### Work to complete
A word-for-word copy of the listing is what's needed; leave out every image.

### Dataset extract

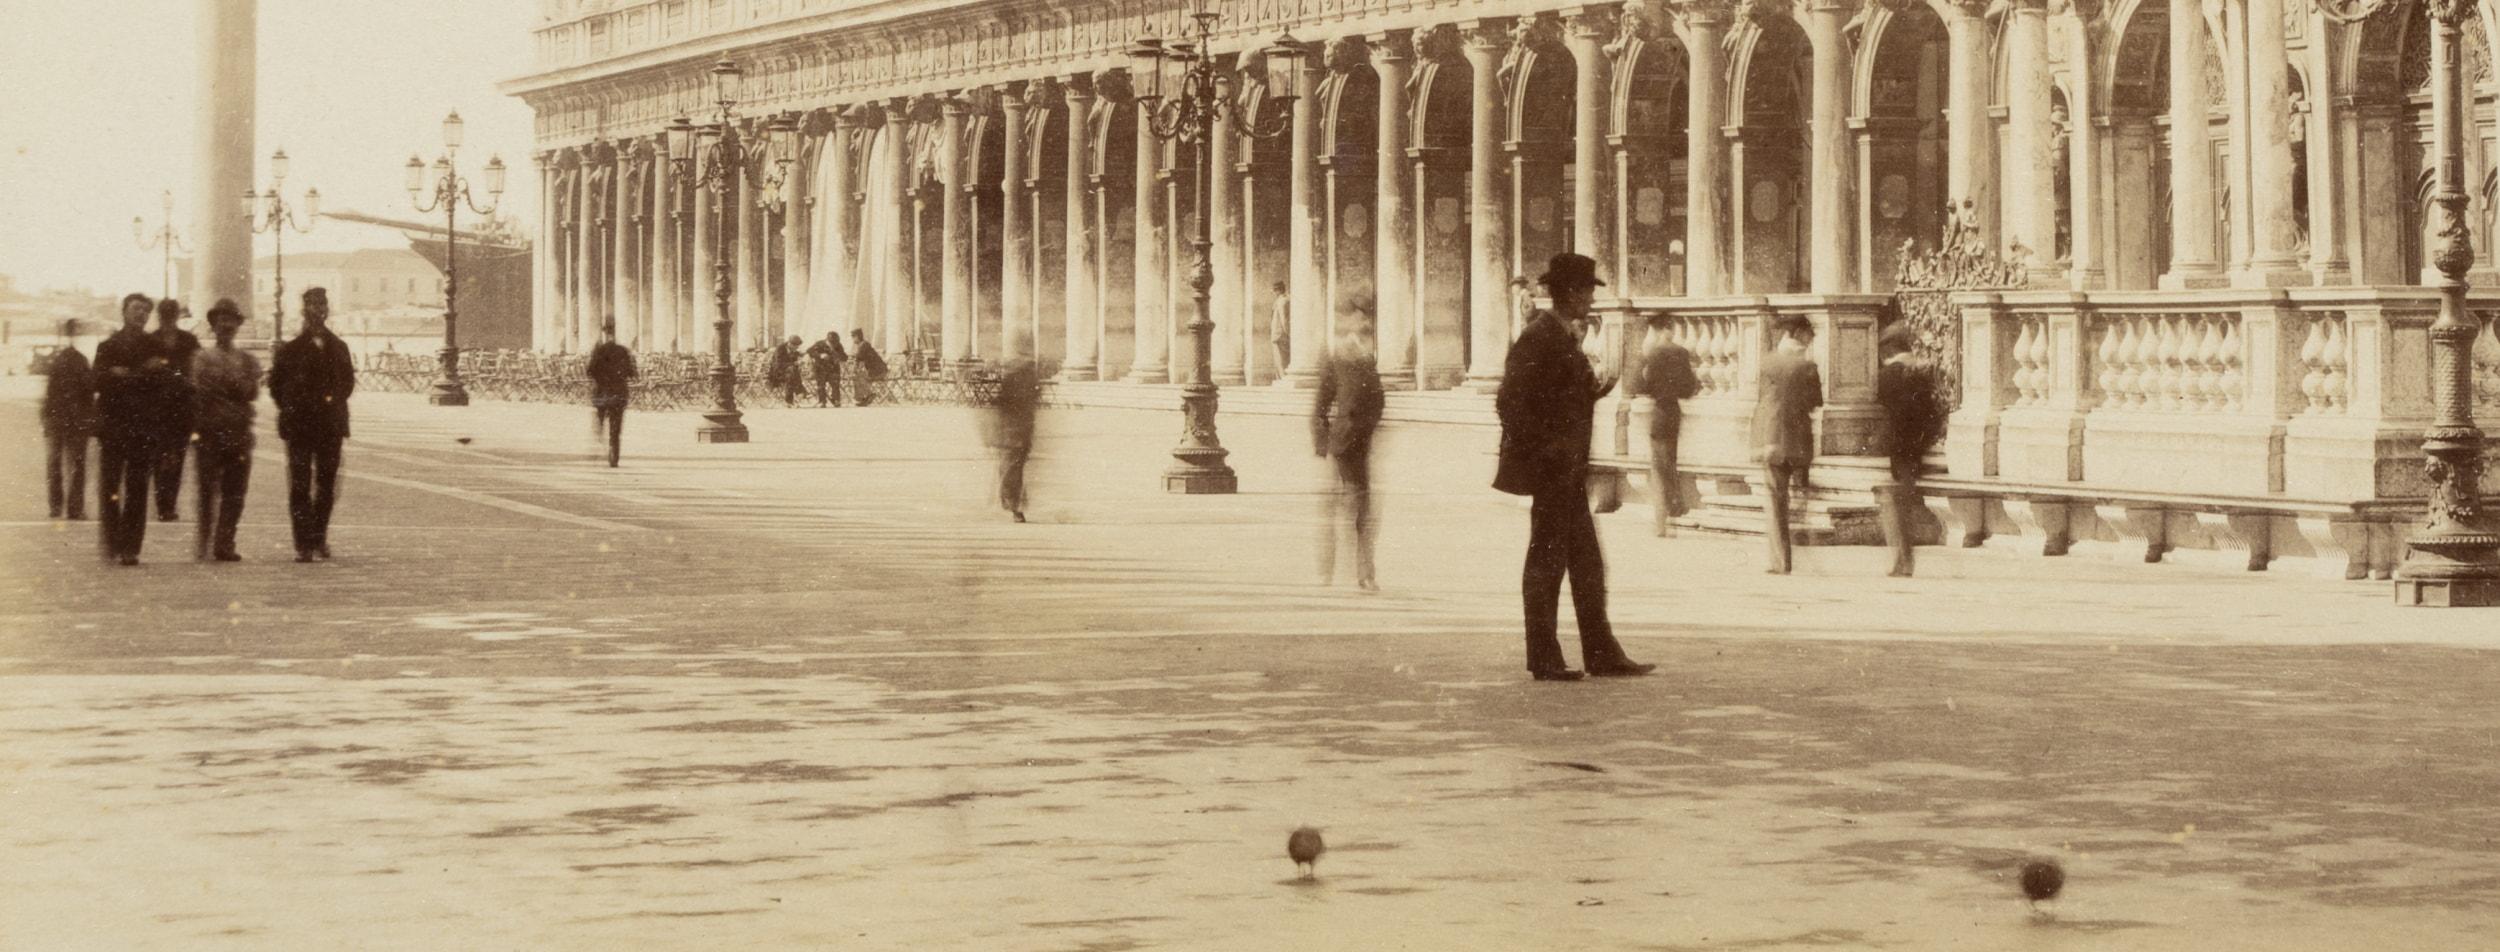 Carlo Naya (1816 Tronzano Vercellese - 1882 Venedig) Kreis: Blick von Norden über die Piazzetta auf die Libreria di San Marco mit Passanten, rechts im Vordergrund der Campanile mit der Loggetta, Venedig, um 1880, Albumenpapierabzug

Technik:
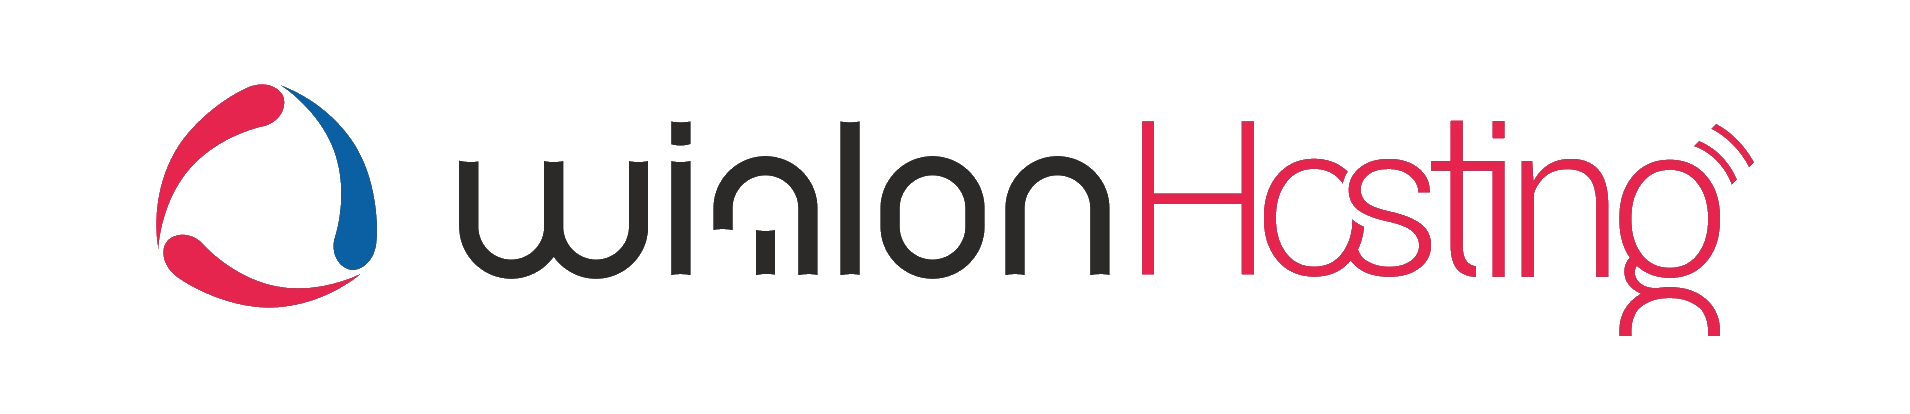 Wialon https hosting

### Result below
 Carlo Naya (1816 Tronzano Vercellese - 1882 Venedig) Kreis: Blick von Norden über die Piazzetta auf die Libreria di San Marco mit Passanten, rechts im Vordergrund der Campanile mit der Loggetta, Venedig, um 1880, Albumenpapierabzug

Technik:
 Wialon https hosting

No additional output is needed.